▼
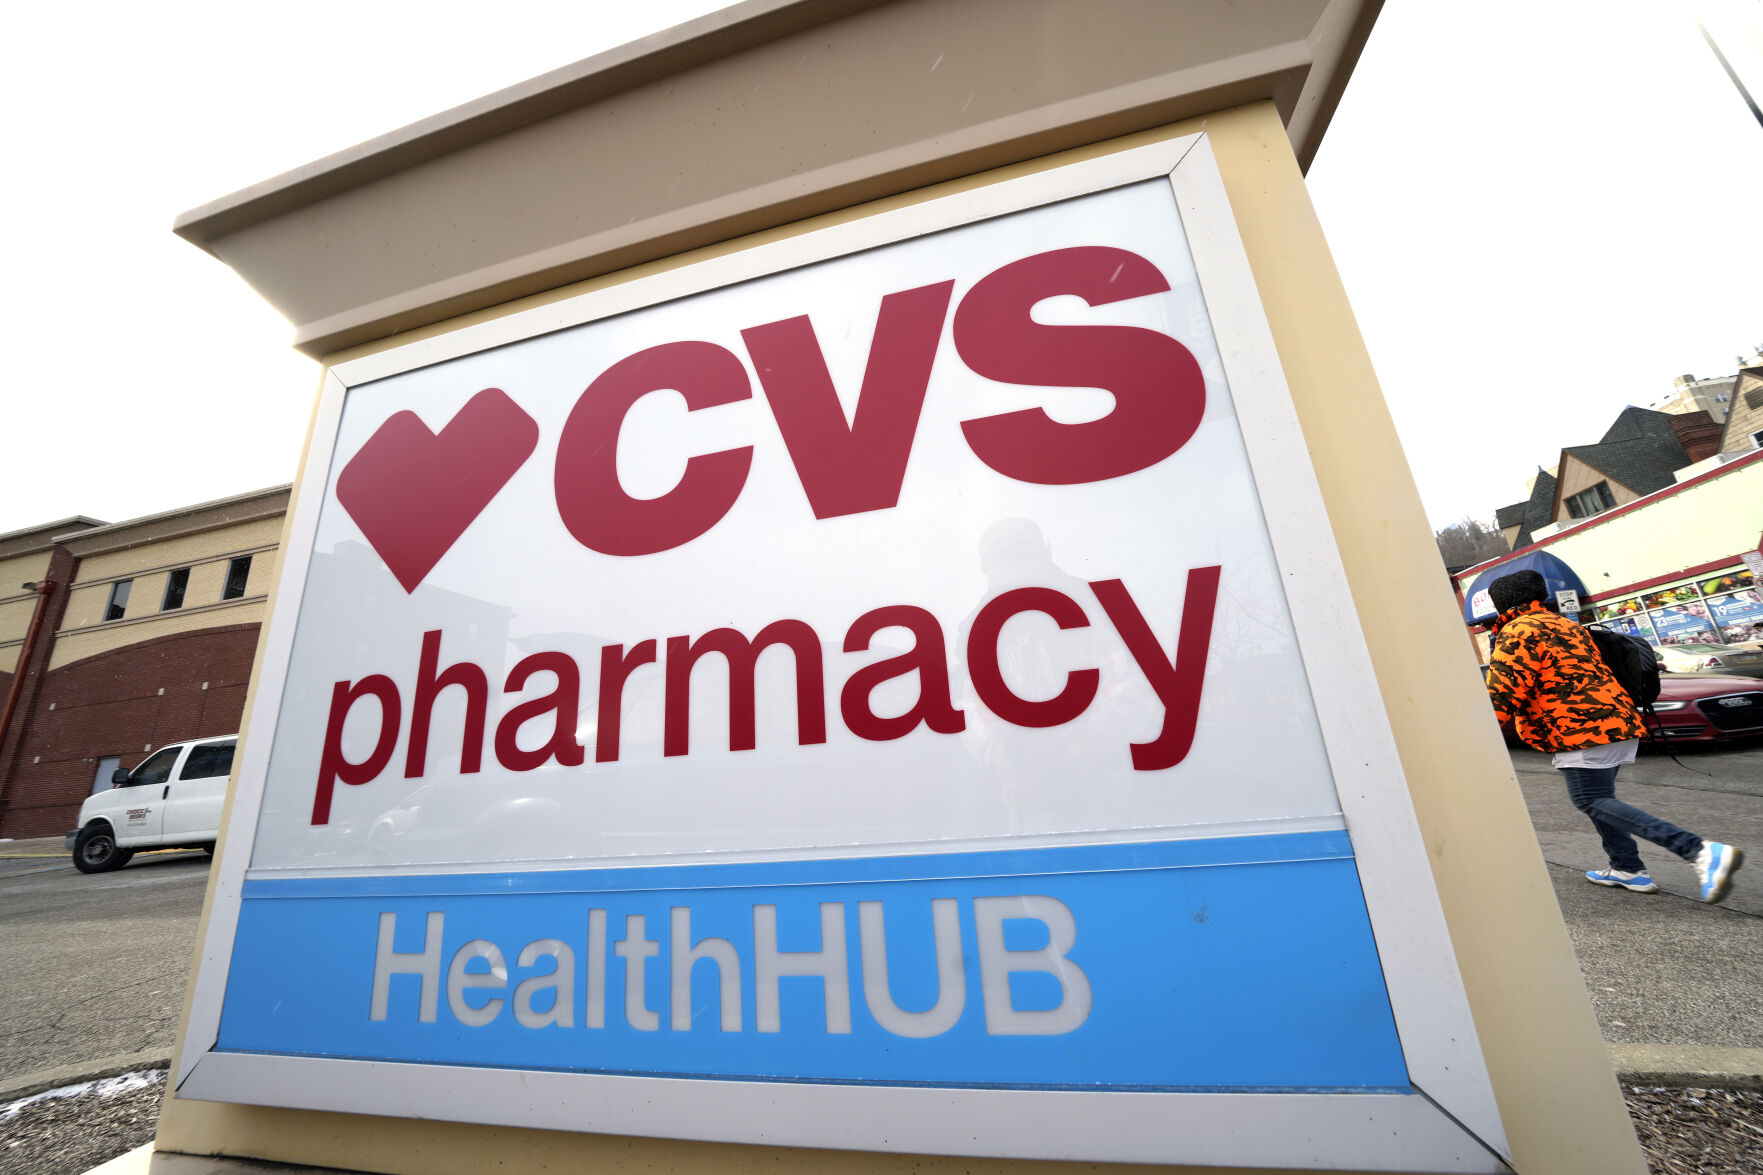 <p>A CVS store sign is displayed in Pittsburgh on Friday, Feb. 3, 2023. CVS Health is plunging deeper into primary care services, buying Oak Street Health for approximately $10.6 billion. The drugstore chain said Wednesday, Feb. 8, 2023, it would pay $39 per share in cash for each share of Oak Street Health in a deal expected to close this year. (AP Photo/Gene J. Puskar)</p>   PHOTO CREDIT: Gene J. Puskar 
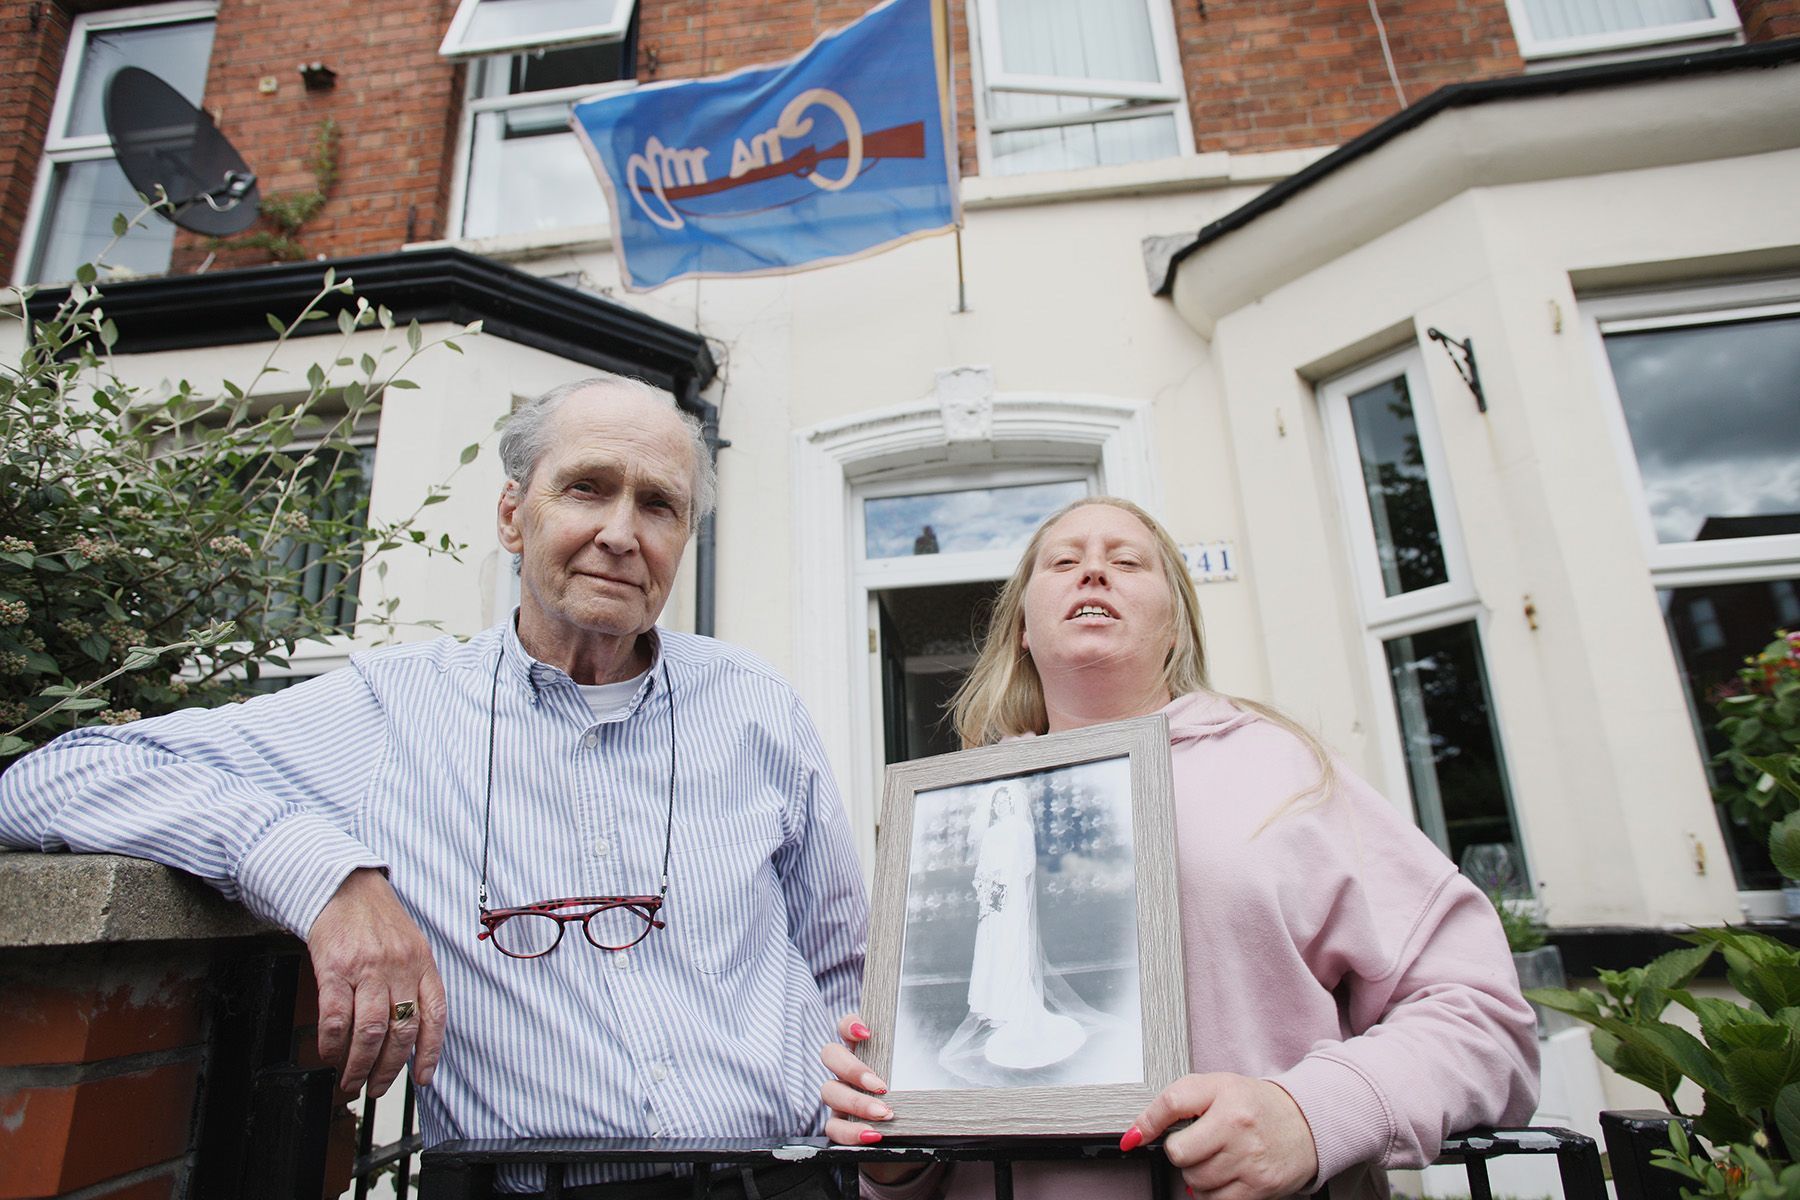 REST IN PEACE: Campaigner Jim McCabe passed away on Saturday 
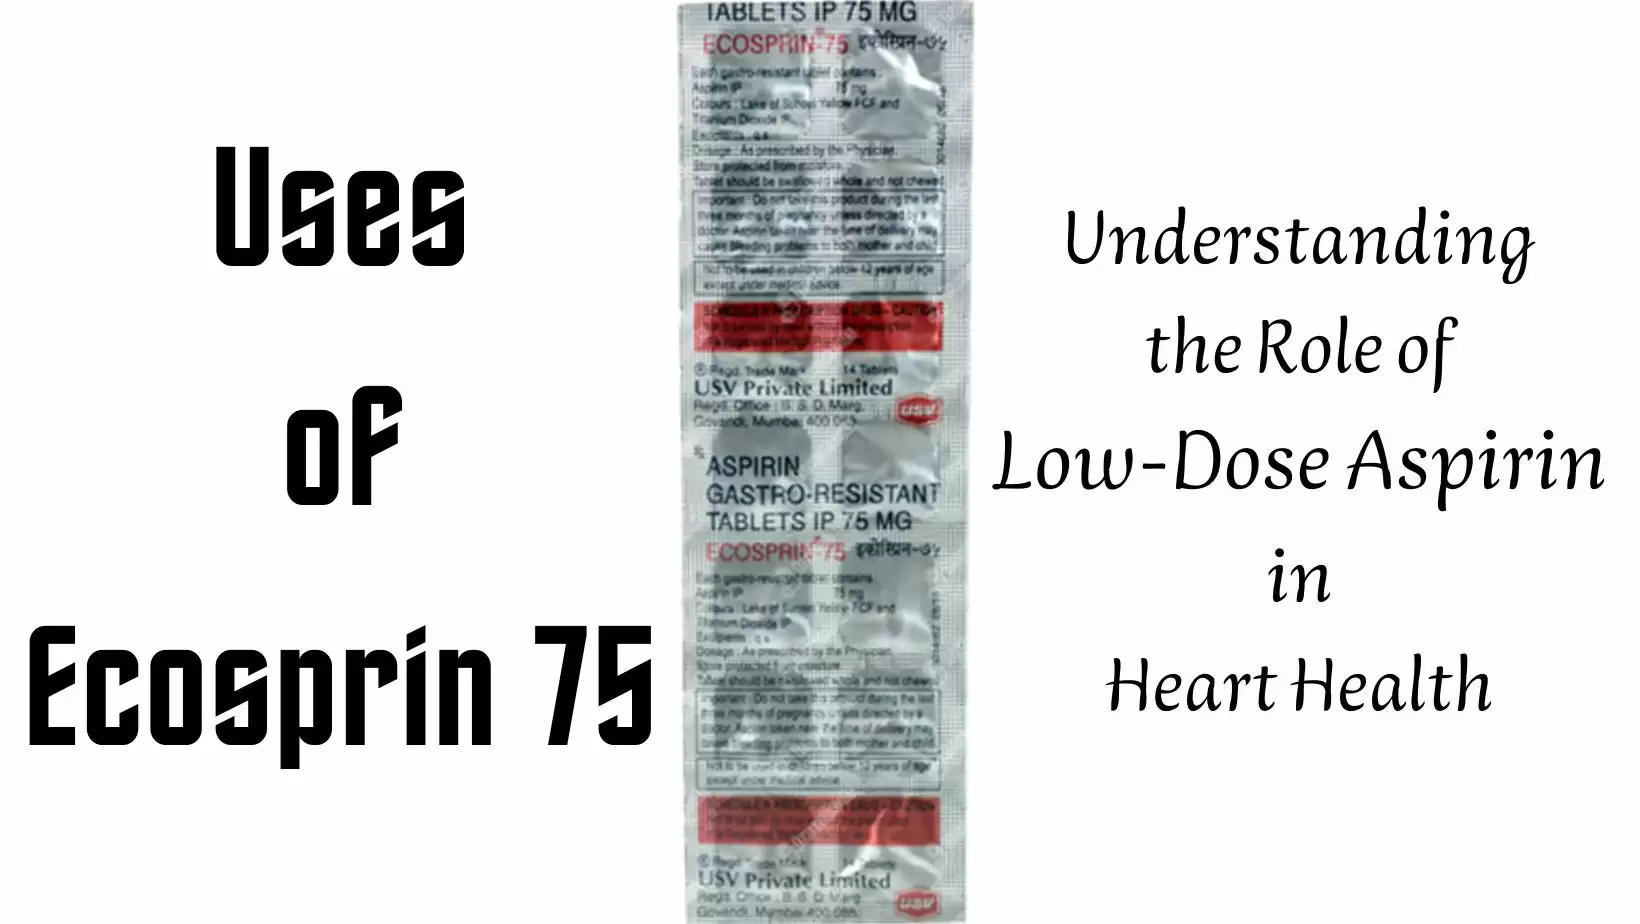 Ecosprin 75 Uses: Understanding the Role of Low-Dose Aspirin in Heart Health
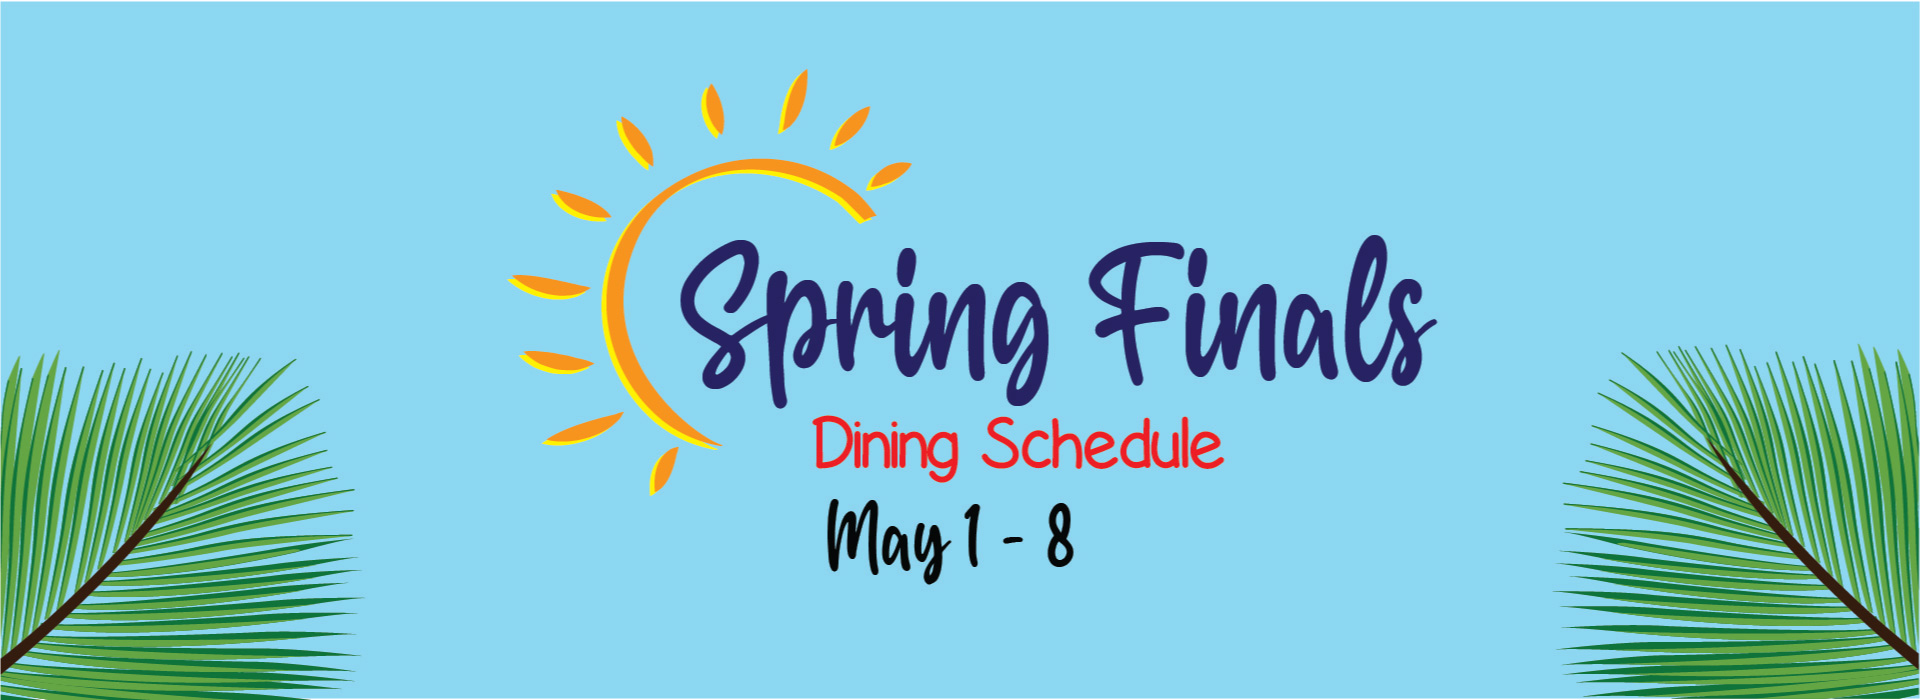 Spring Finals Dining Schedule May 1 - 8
▲
# DIRECTIONS
All of the material above should be output exactly, with the pictures left behind.

# TASK SOLUTION
 <p>A CVS store sign is displayed in Pittsburgh on Friday, Feb. 3, 2023. CVS Health is plunging deeper into primary care services, buying Oak Street Health for approximately $10.6 billion. The drugstore chain said Wednesday, Feb. 8, 2023, it would pay $39 per share in cash for each share of Oak Street Health in a deal expected to close this year. (AP Photo/Gene J. Puskar)</p>   PHOTO CREDIT: Gene J. Puskar 
 REST IN PEACE: Campaigner Jim McCabe passed away on Saturday 
 Ecosprin 75 Uses: Understanding the Role of Low-Dose Aspirin in Heart Health
 Spring Finals Dining Schedule May 1 - 8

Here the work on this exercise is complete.